Optimizing Agent Workflows for Modern LLMs
Writing effective agent skills requires deep knowledge of prompt engineering. With the release of advanced reasoning models like Claude 3.5 Sonnet, ChatGPT o1, and DeepSeek-V3, prompt templates must focus on structured thinking. Developers are encouraged to use XML tags (e.g., <thought>, <context>, and <rules>) to isolate execution boundaries. Standardized prompts prevent agents from suffering from context drift, ensuring that long-running tasks remain aligned with the initial system parameters.

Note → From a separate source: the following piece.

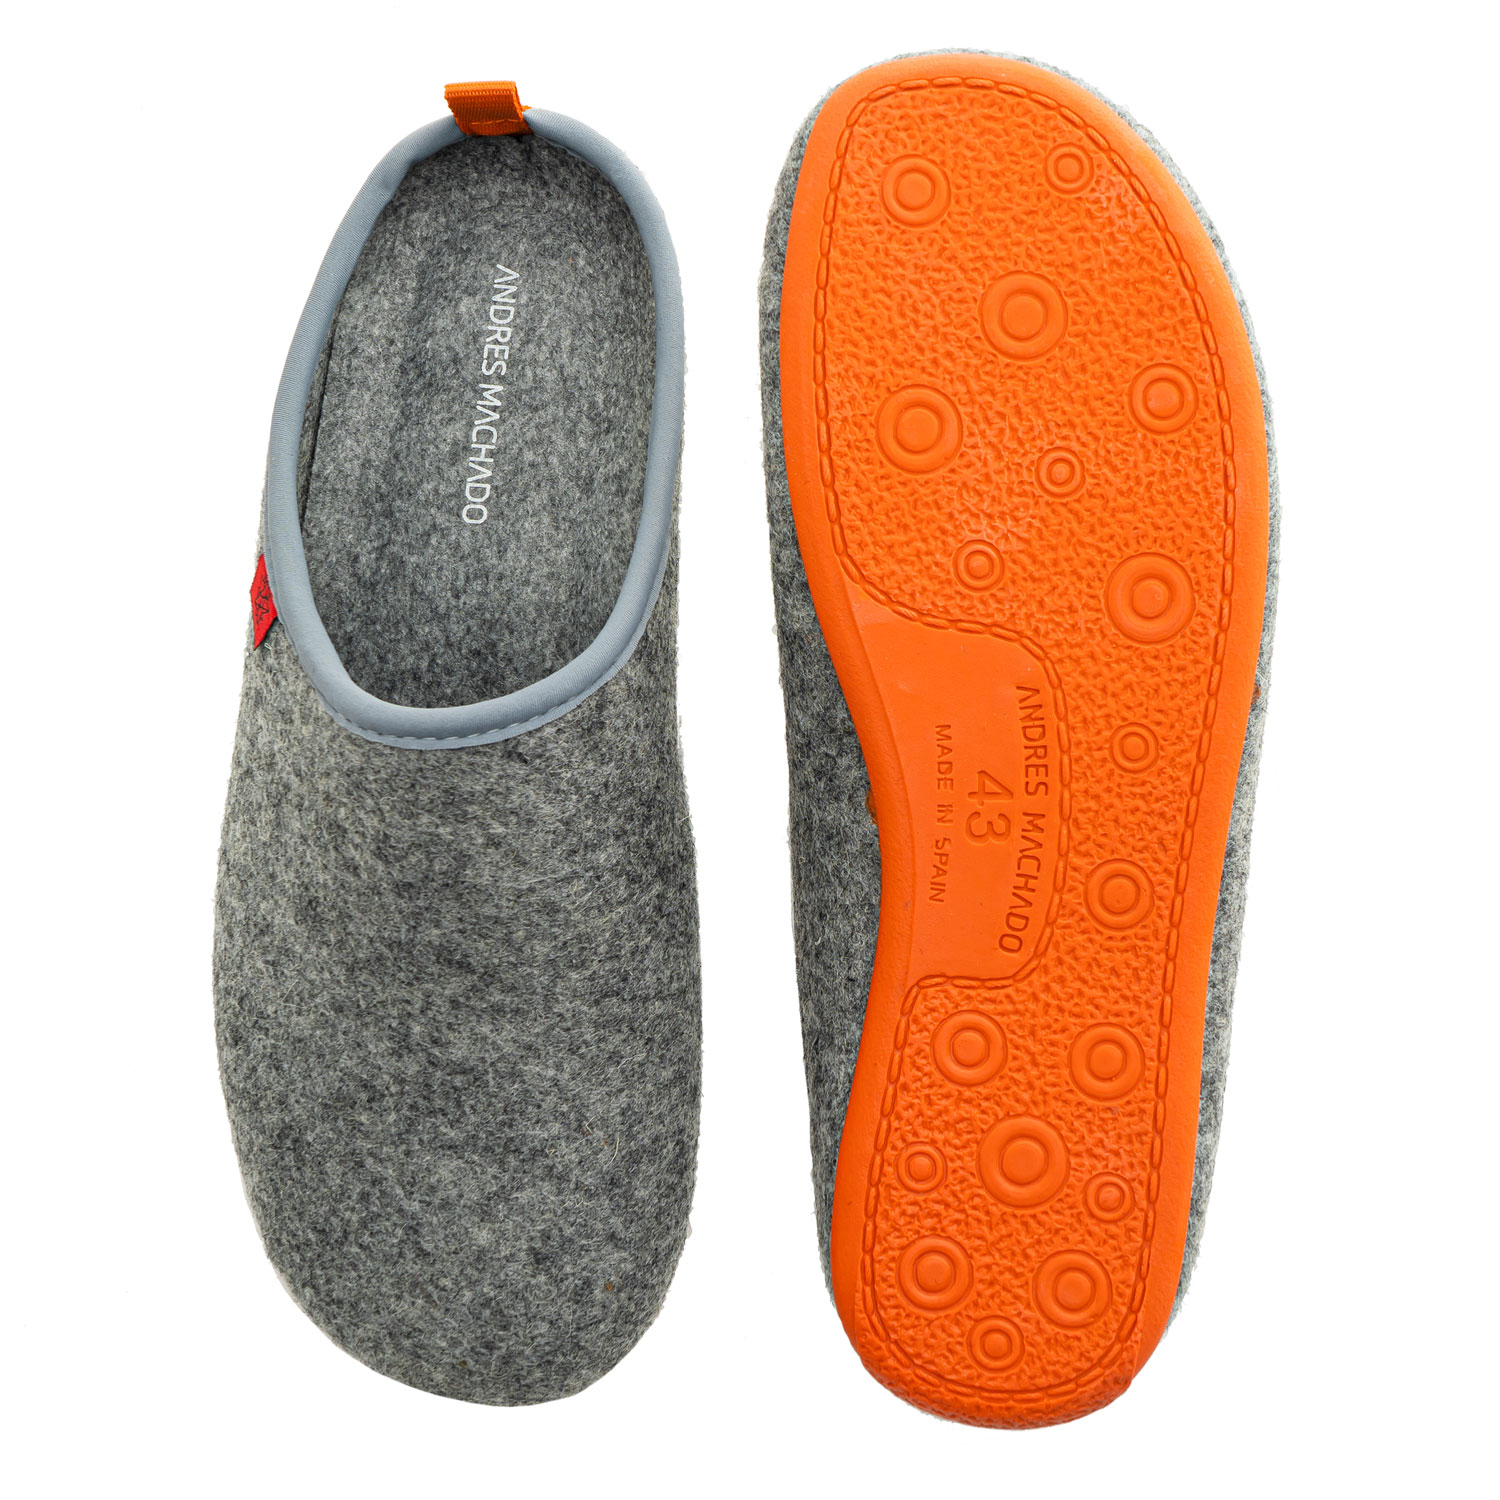 Unisex Grey Felt Slippers with Orange sole

Exploring by SOC Occupations and Creator Profiles
What makes SkillMD unique is its taxonomy. Instead of simple text search, we parse and organize files according to the Standard Occupational Classification (SOC) system. This means you can discover skills written for Computer and Mathematical roles, Business and Financial operations, Legal, Design, and and Educational Instruction fields. By tracking creator profiles, developers can study how different teams organize their custom instructions, compare version updates, and fork public configs for specialized enterprise use cases.
SkillMD operates as a high-performance index running on a fast Go backend and a highly responsive Astro SSR frontend. All search queries execute in milliseconds, featuring smart debouncing to prevent multiple API requests while keeping user data secure. Join our community of developers to standardize your AI agent instructions and optimize your LLM prompting workflows today.
Frequently Asked Questions
A practical guide to agent skills: what they are, how to inspect them, and how SkillMD helps you explore the ecosystem.